The Pope’s recent comments on atheism stirred up the debate once again.
No matter our views on which side is right and which one is wrong though, if we give any weight to the Bible’s teaching, then we must bless and not curse people, rejoice with those rejoicing, weep with those weeping, live in harmony with one another, do what is honorable, and — as much as we can — live peaceably with all (Romans 12:14-18). “All” includes all, even high profile religious leaders who lead others into confusion.
For us Protestants, that’s not always easy to do when we believe the Pope, himself, is the one confusing people. And he did it again recently by suggesting it might be better to be an atheist than a hypocritical Christian. In a reflection during a recent Mass reading from the Gospel of Mark, the Pope took aim at Christians who cause scandal.

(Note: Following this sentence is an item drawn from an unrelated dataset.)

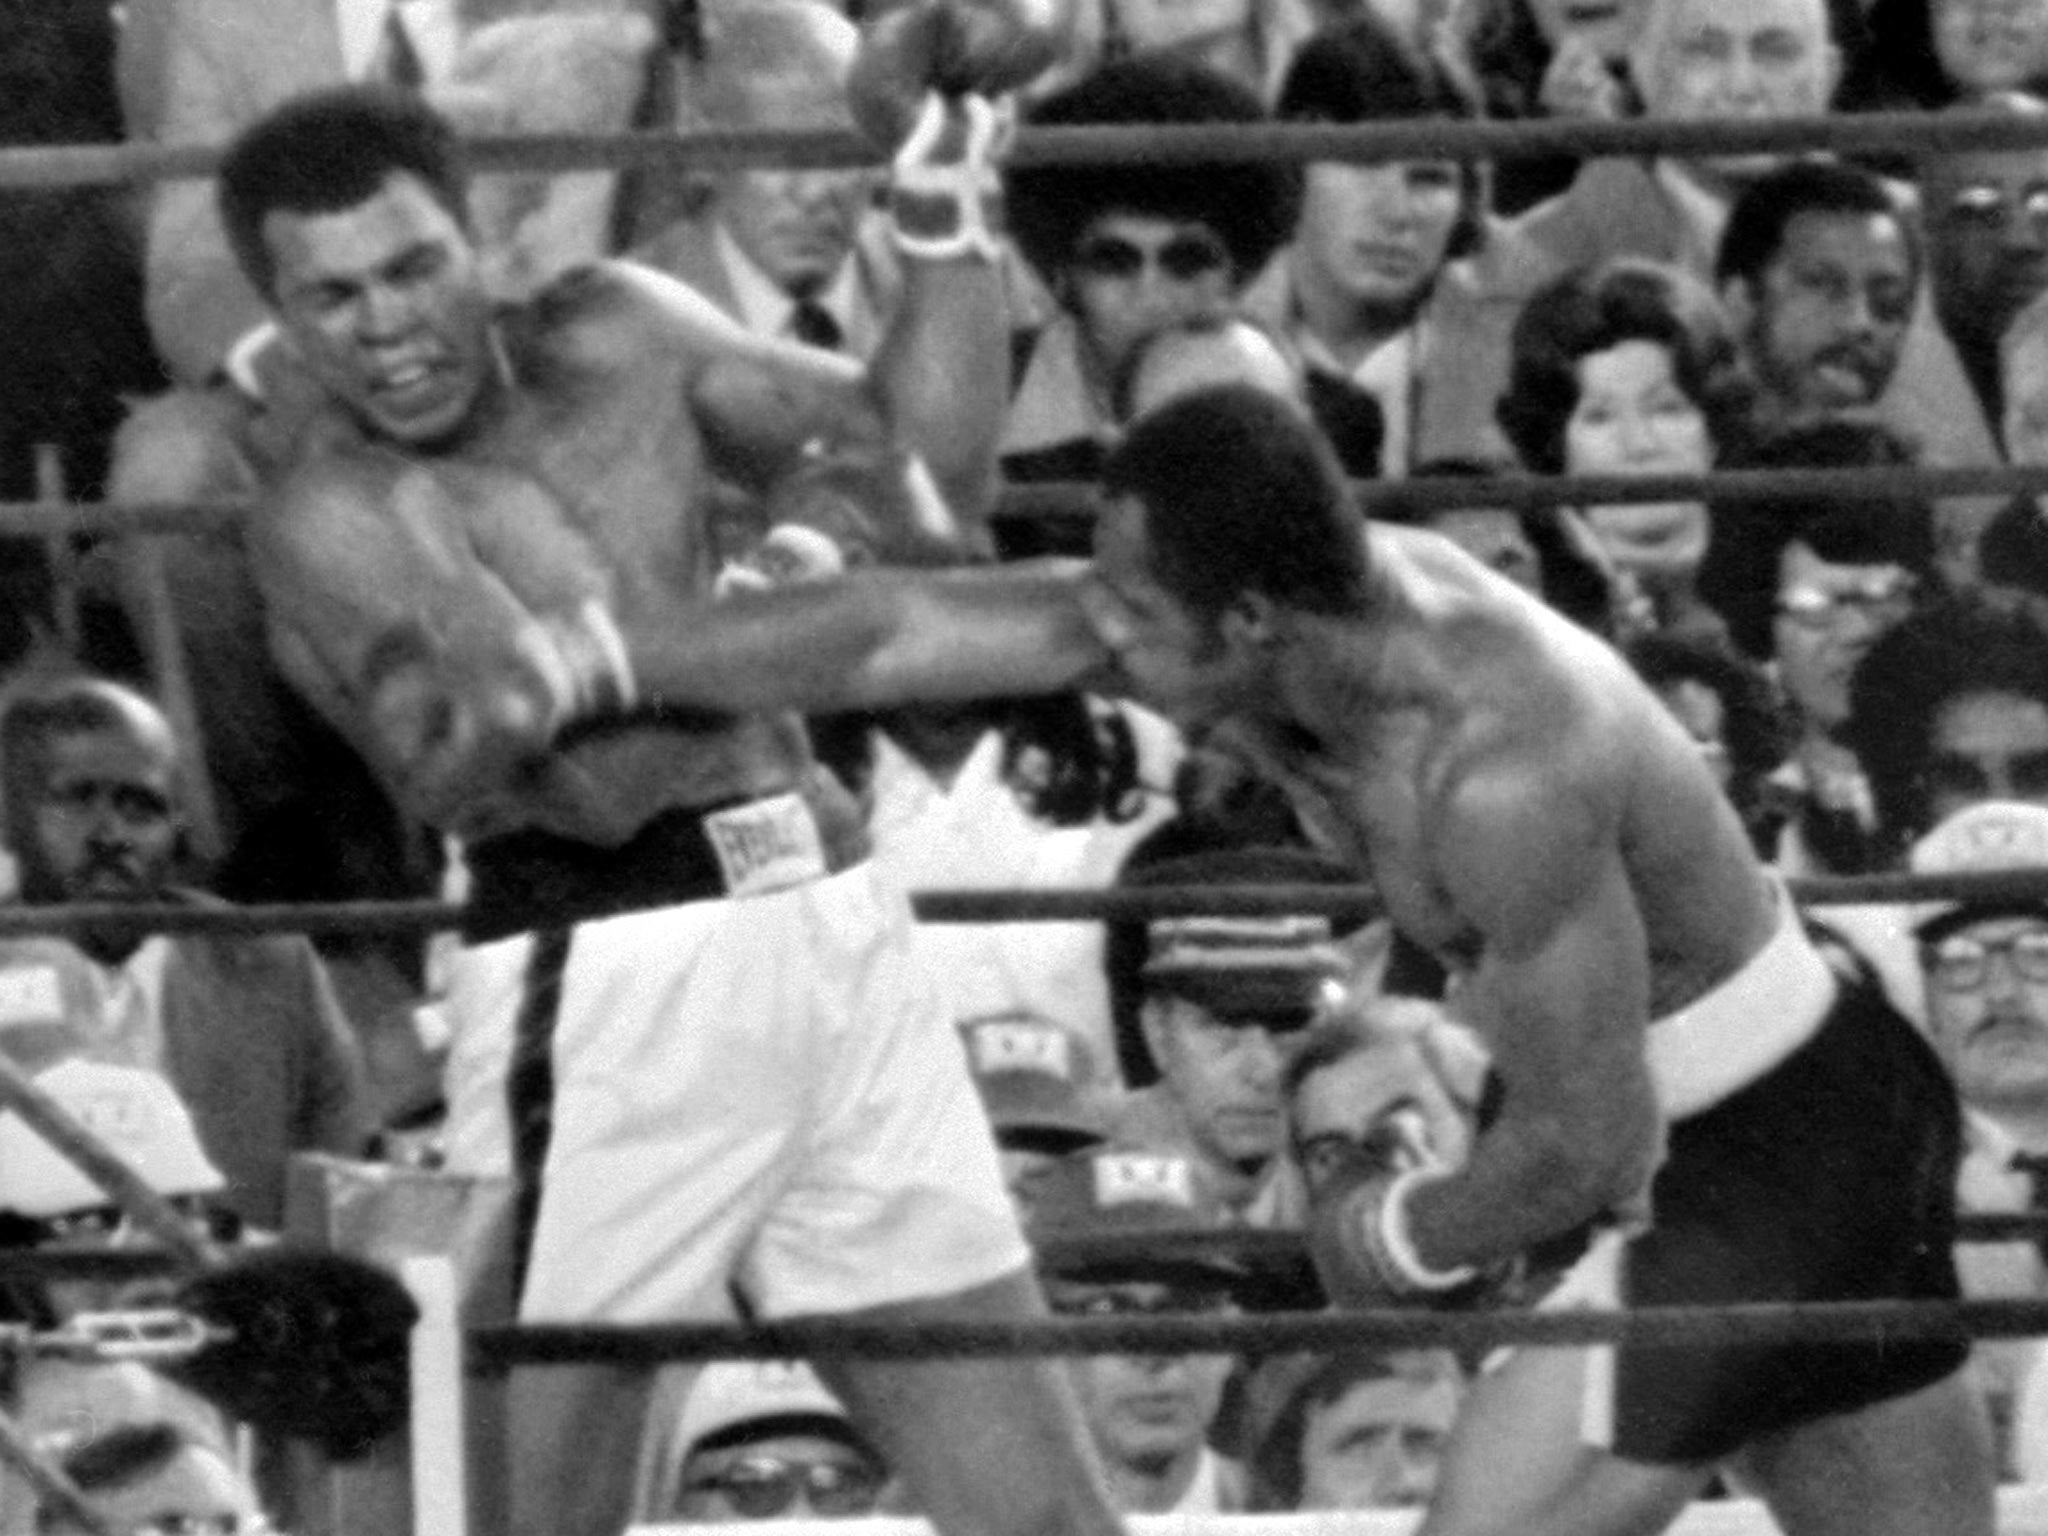 Ken Norton pictured fighting Muhammad Ali in 1976

“But what is scandal? Scandal is saying one thing and doing another; it is a double life….” Catholics leading a double life may say, “I am very Catholic, I always go to Mass, I belong to this association and that one; but my life is not Christian, I don’t pay my workers a just wage, I exploit people, I am dirty in my business, I launder money….”
In the reading (Mark 9:41-50), Jesus teaches that it’s better for a person to have a millstone tied around his neck and be thrown into the sea, than to cause another person to sin. He goes on to teach that if your hand or eye causes you to sin, you should cut it off or pluck it out.
This is a hard teaching, indeed, about the nature of sin and the seriousness of it. From that teaching, though, and the way many Christians lead a double life, the Pope suggested people may be correct in saying it’s better to be an atheist than that kind of Christian.
“And so many Christians are like this, and these people scandalize others,” Pope Francis said. “How many times have we heard – all of us, around the neighbourhood and elsewhere – ‘but to be a Catholic like that, it’s better to be an atheist.’ It is that, scandal.”
Now, every Christian agrees it’s good not to be a hypocritical Christian. If you say you believe a thing is true, you should act like it. But these two words “hypocritical Christian” are not a contradiction in terms. It is possible to be a Christian, and to not act like it. Not recommended, but possible.
At the heart of Pope Francis’s reflection is the question, How good is good enough to be a Christian? Or perhaps, How bad is bad enough to not be a Christian? The Pope imagines this exchange between a scandalous Christian and Jesus at the gates of heaven:
“’Here I am, Lord! But don’t you remember? I went to Church, I was close to you, I belong to this association, I did this… Don’t you remember all the offerings I made?’
‘Yes, I remember. The offerings, I remember them: All dirty. All stolen from the poor. I don’t know you.’ That will be Jesus’ response to these scandalous people who live a double life.”
The age-old problem here is that the Pope suggests our very salvation (our “being a Christian”) is dependent on our good works — or at least not doing bad works after becoming a Christian. But the glorious truth is, our salvation is dependent on the works of one man only — Jesus.
That’s the only scandal here. That the only perfect man who ever lived, was made a hypocrite for me. He was made a liar, a thief, a murderer. He was made a sinner. For me. So that I could become righteous, holy, and blameless in him. And one day when I stand at the gates of heaven, Jesus will welcome me because of his works — not mine.
Is it better to be an honest Christian with integrity, who lives in a way consistent with his beliefs? Of course! But is it better to be an atheist than a Christian, hypocrite or not? This hardly seems like a question that really needs an answer. The biggest question of all is, why would anyone ever even insinuate it?